En Colombia, una chica me preguntó: ¿Qué ha sido lo más hermoso que te ha dado el Premio Norma-Fundalectura? Ella había leído Querida Alejandría y toda su persona trascendía que se había quedado enamorada del mundo de Cleopatra Selene. Me lo dijo con tal expresión en los ojos, con tal belleza reflejada en las pupilas, que la respuesta me brotó de lo más profundo: “Tu mirada”.

Vivo en una pequeña población del México rural, que se llama Tequisquiapan. En una escuela, toda la primaria leyó mi libro Las Cajas de China durante un mes y las maestras les crearon la expectativa de mi visita al final de la lectura. Cuando aparecí en la escuela y un niño se dio cuenta de mi presencia, sin decirse nada unos a otros, todos los niños que se encontraban en el patio corrieron a abrazarme, en silencio, con un afecto y una energía también difícil de describir. Por la noche hubo fuegos artificiales en el pueblito (se celebraba la fiesta de un santo), y una nena de nueve años llamada Megan dijo a su madre: “Hoy hay fuegos artificiales porque María García Esperón vino a nuestra escuela”.

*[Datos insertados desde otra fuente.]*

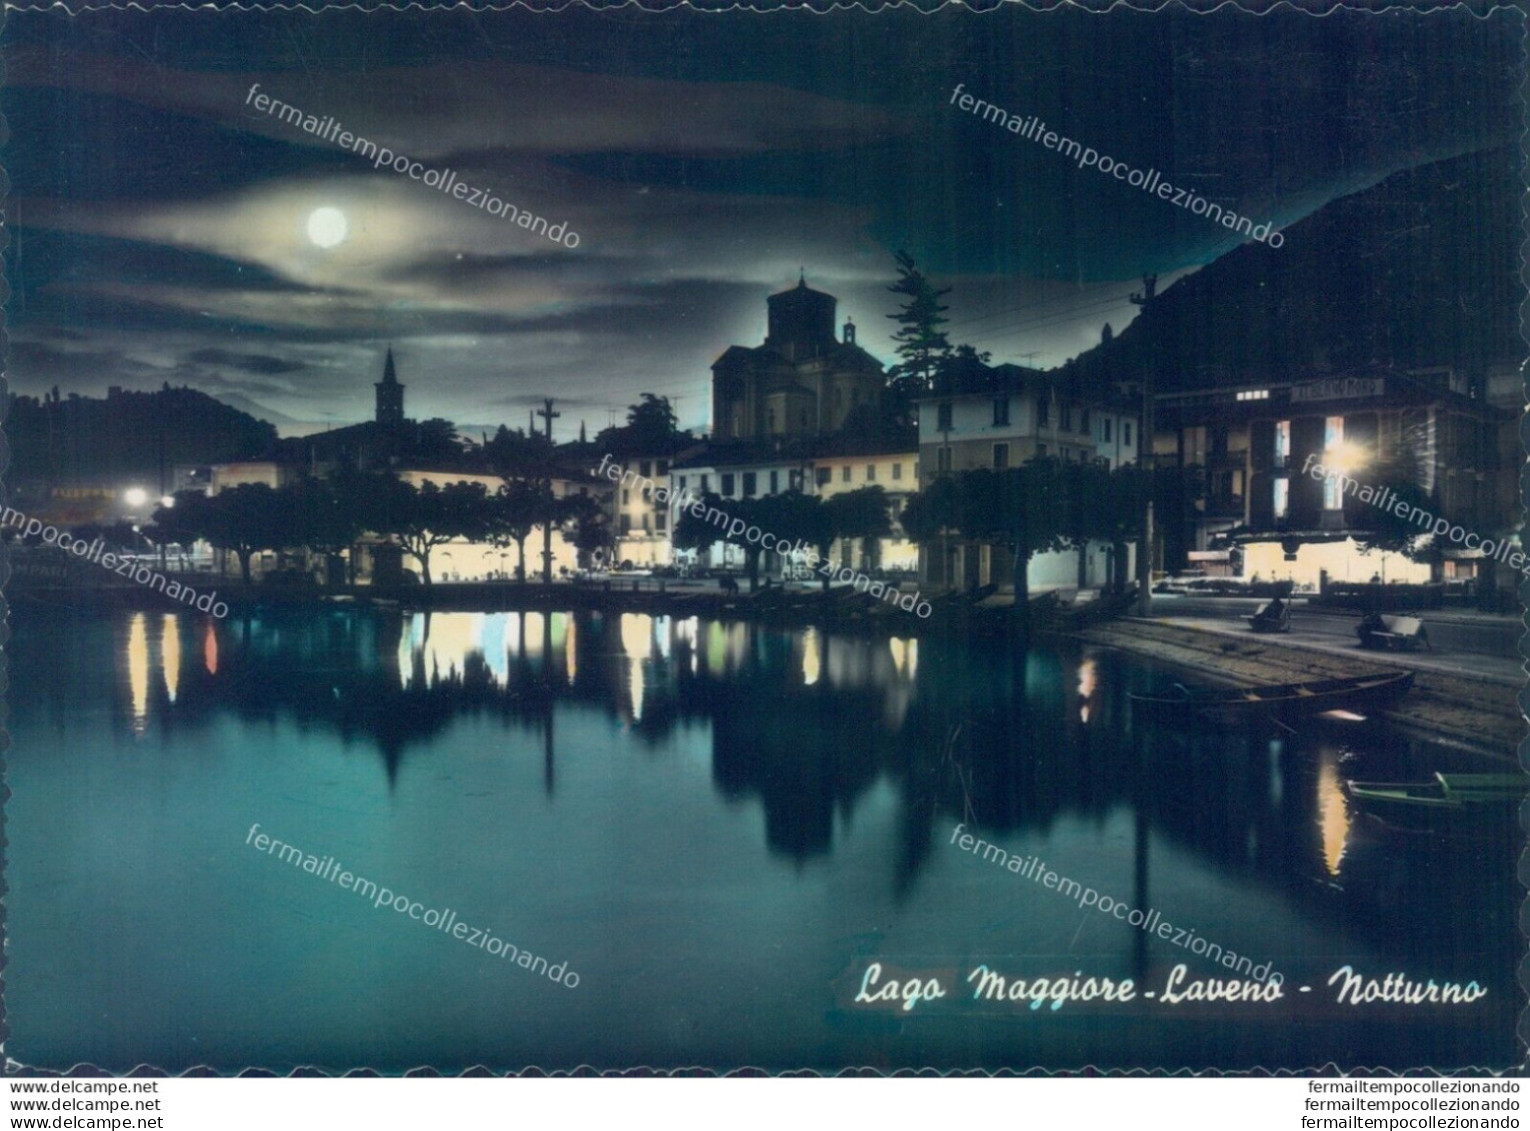 C381 Cartolina Provincia Di  Varese - Lago Maggiore Laveno Notturno - Varese

Y para terminar, una adolescente colombiana puso en su lista de libros preferidos de Hi5 la siguiente selección:

Cien años de soledad. Autor: Gabriel García Márquez.
Querida Alejandría. Autora: María García Esperón.
La Biblia. Autor: El Espíritu Santo.

¡Ser mencionada entre el gran Gabo y el Espíritu Santo, francamente, no se puede pedir más!

Y por último… ¿para qué sirven los certámenes literarios?

Para crear ilusión en los autores y como parte de las estrategias de marketing de las editoriales para vender libros, aumentar su prestigio en el ambiente cultural y propiciar su expansión a otros países.

Si el autor se ilusiona y sueña, crea obras que tienen su oportunidad ante jurados que en la literatura infantil y juvenil han demostrado ser muy calificados, imparciales, comprometidos y sinceros –en su mayoría son escritores. Yo he concursado mucho, he ganado, pero también he perdido. Jamás he sentido inconformidad ni desazón por perder y siempre me he ilusionado en el proceso. Ese sentimiento me ha convencido de que no importa cuál sea el resultado del certamen, quien concursa, siempre gana. Porque, como dijo Rubén Darío, “la primera ley, creador: crear”. Esa su satisfacción. Ese su triunfo.